**INFORMATION PROVIDED:**
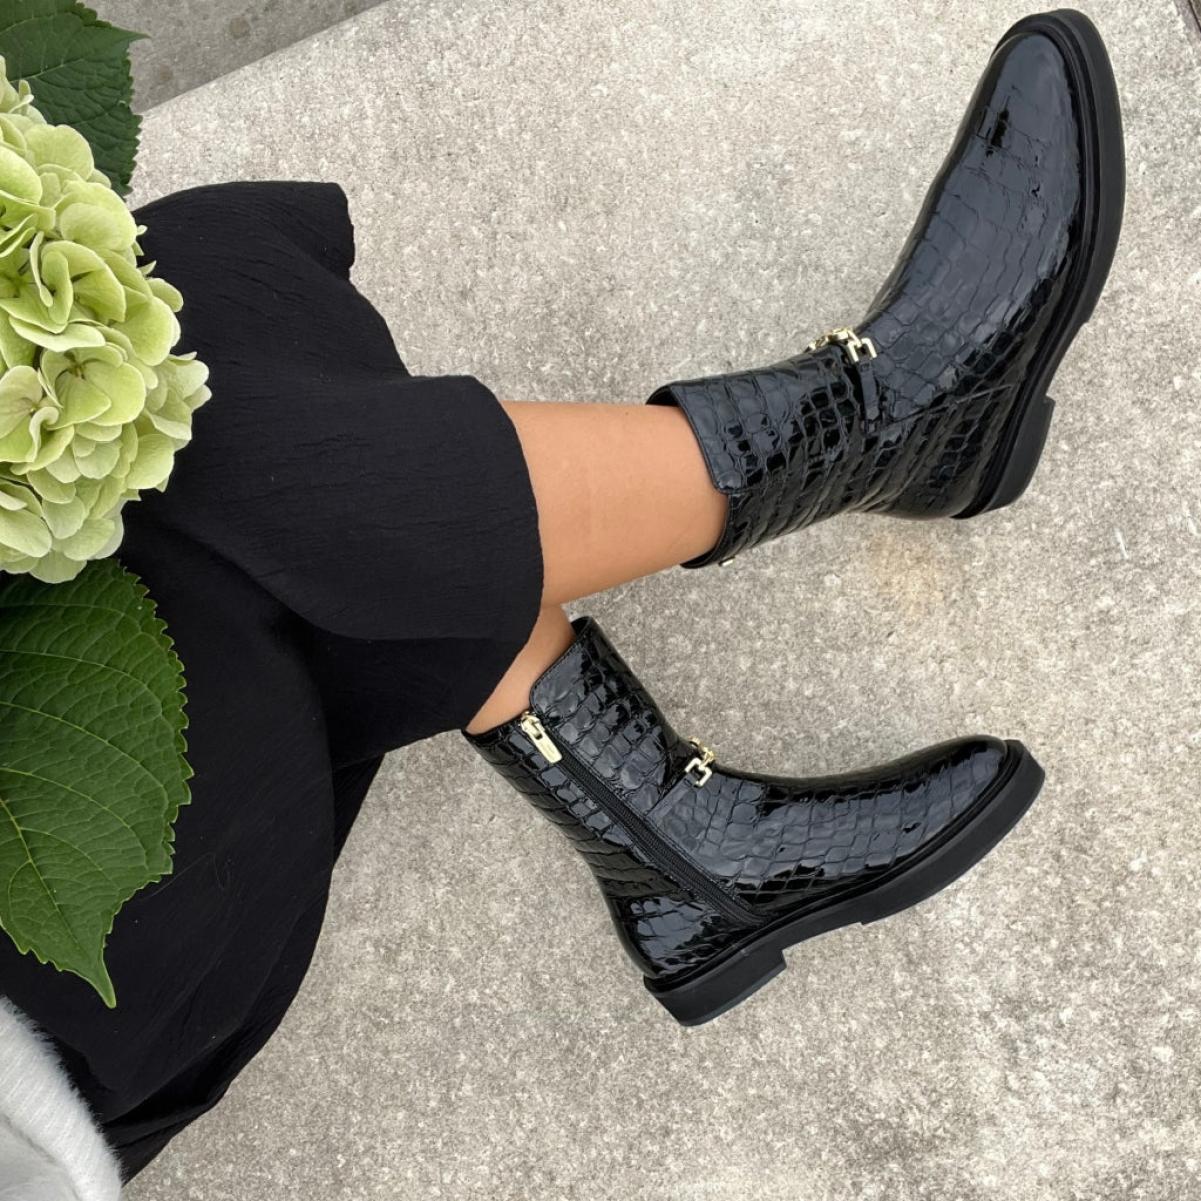 A Miracle Black - Black Ankle Boots Copenhagen Shoes Cut-Price Women - 1
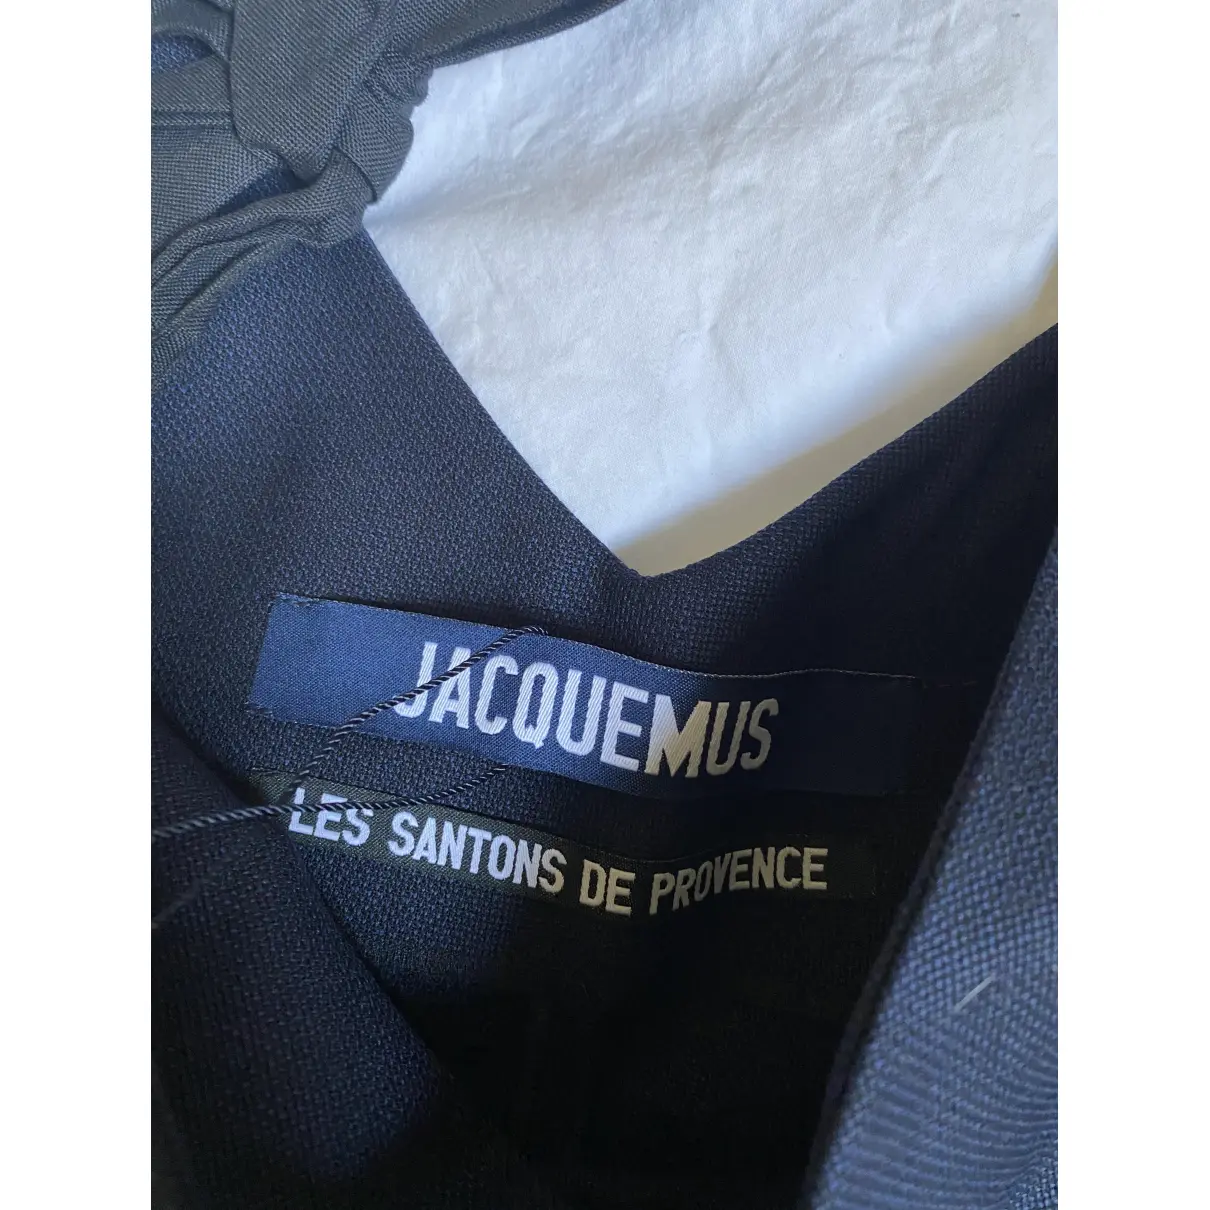 Buy Jacquemus Les Santons de Provence wool blouse online
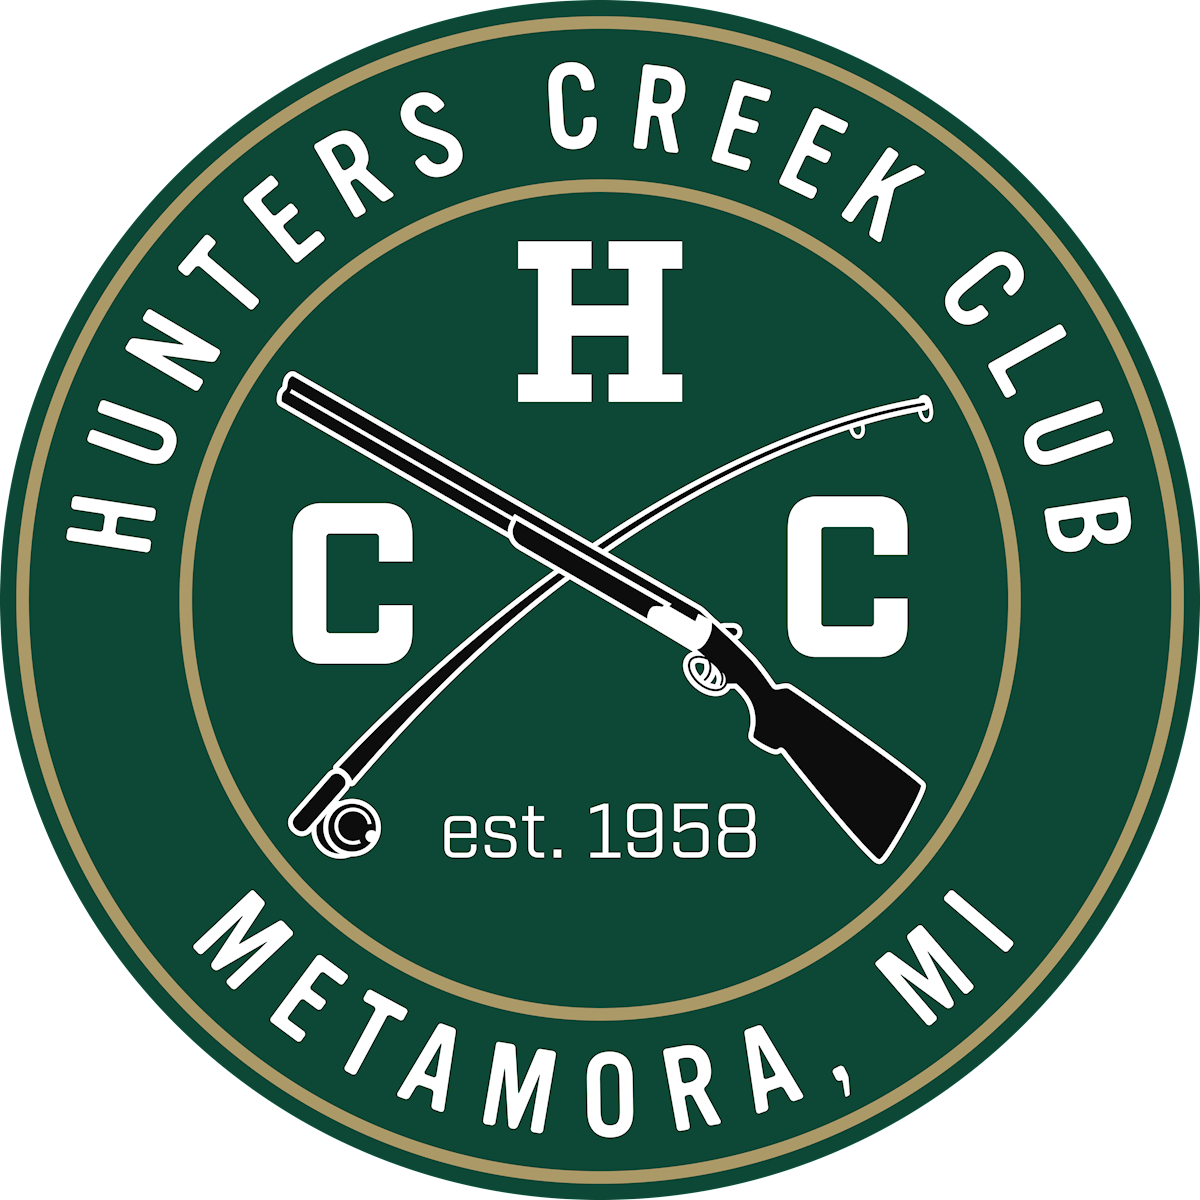 Hunters Creek Club
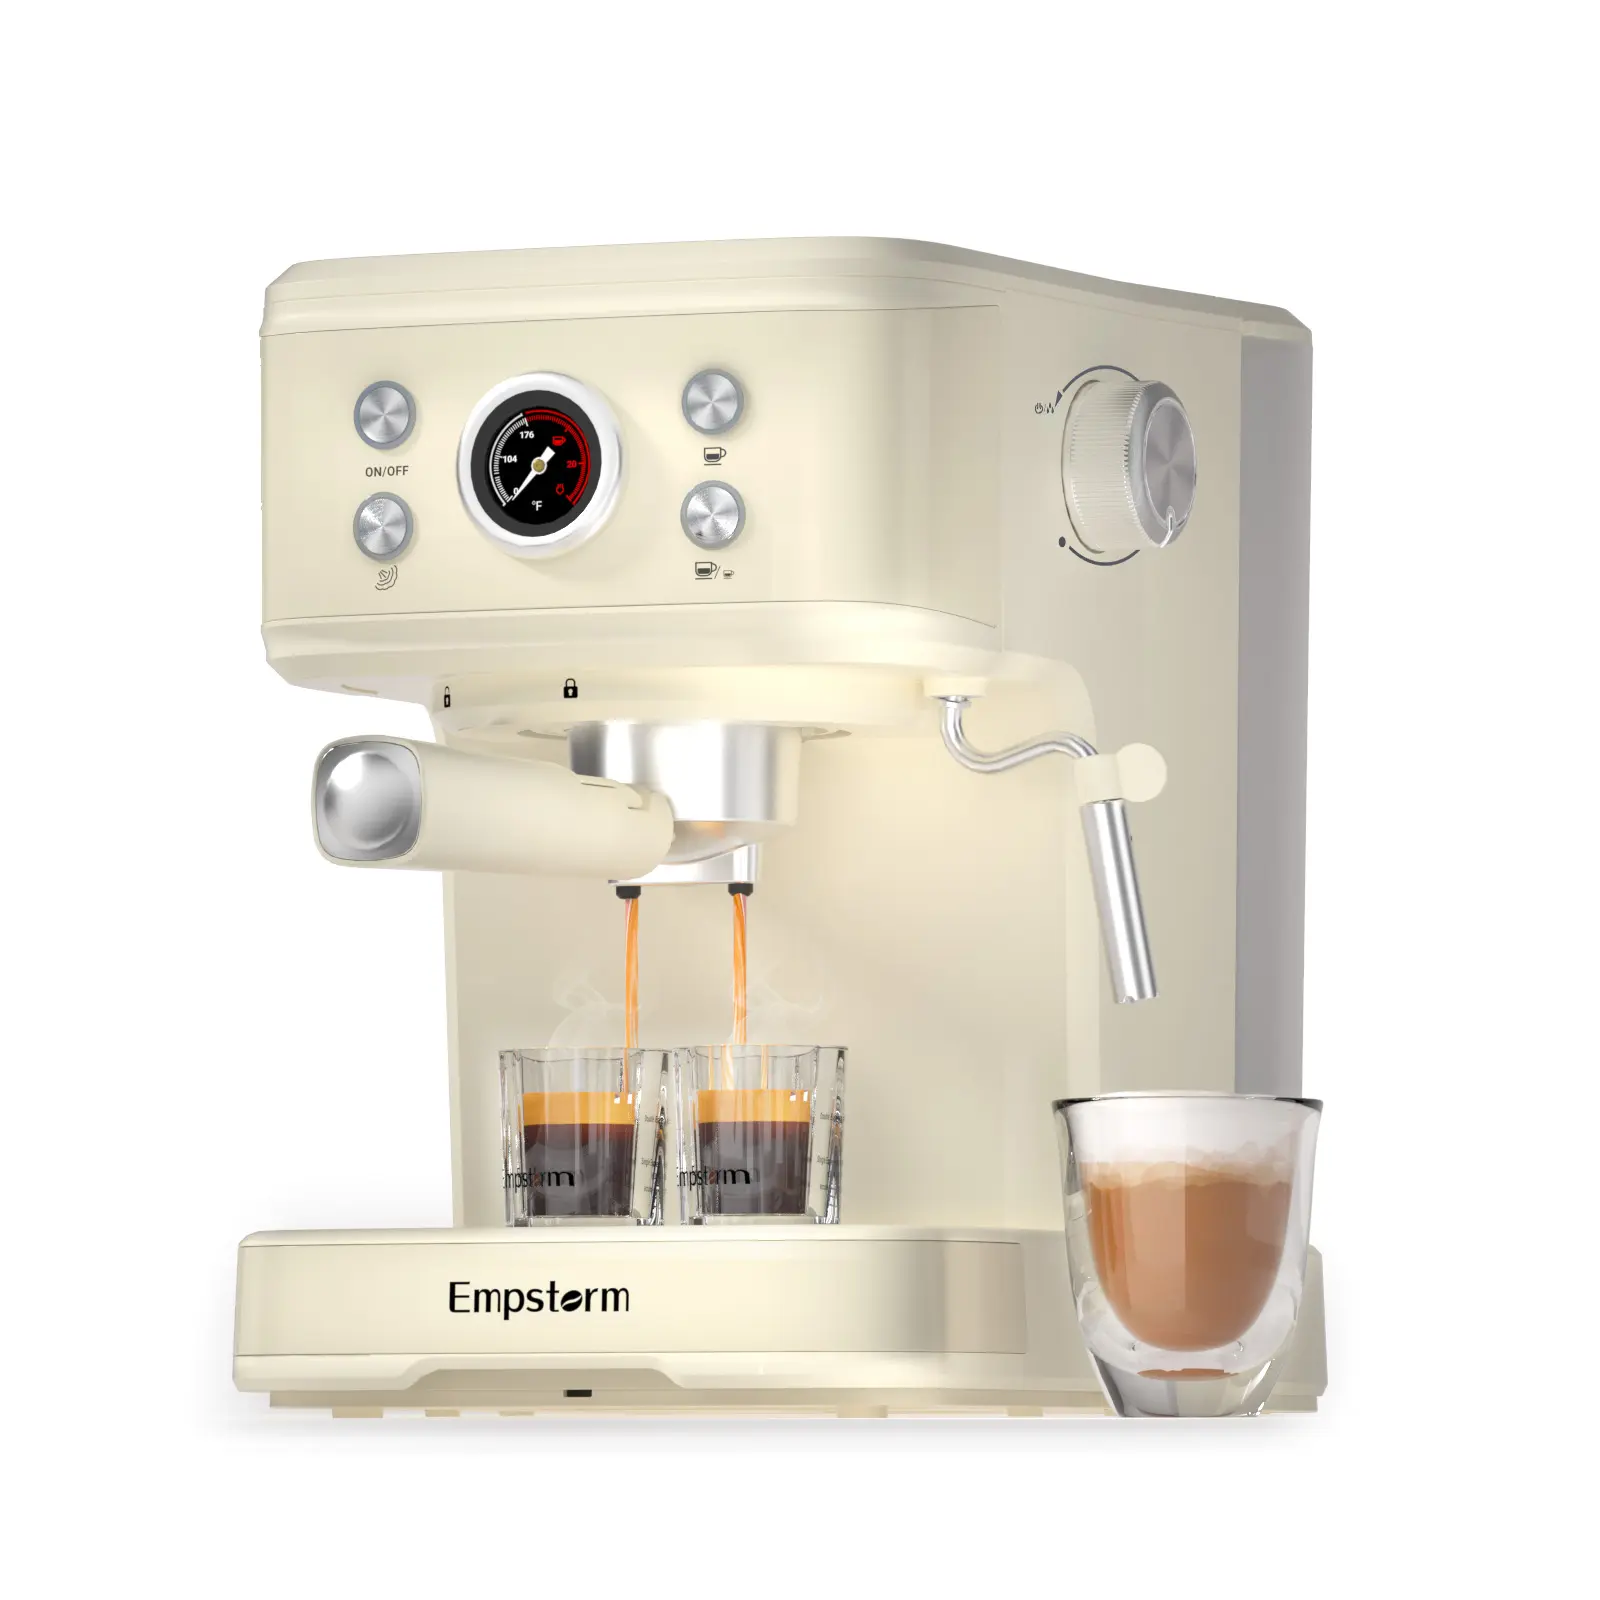 Empstorm orijinal tasarım verimli cihaz 120v220v elektrikli yarı otomatik demlemek espresso kahve makineleri iş kullanımı için

**WHAT NEEDS TO BE DONE:**
All of the material must be repeated exactly in the answer, apart from the pictures.

**REPLY TO THE EXERCISE:**
 A Miracle Black - Black Ankle Boots Copenhagen Shoes Cut-Price Women - 1
 Buy Jacquemus Les Santons de Provence wool blouse online
 Hunters Creek Club
 Empstorm orijinal tasarım verimli cihaz 120v220v elektrikli yarı otomatik demlemek espresso kahve makineleri iş kullanımı için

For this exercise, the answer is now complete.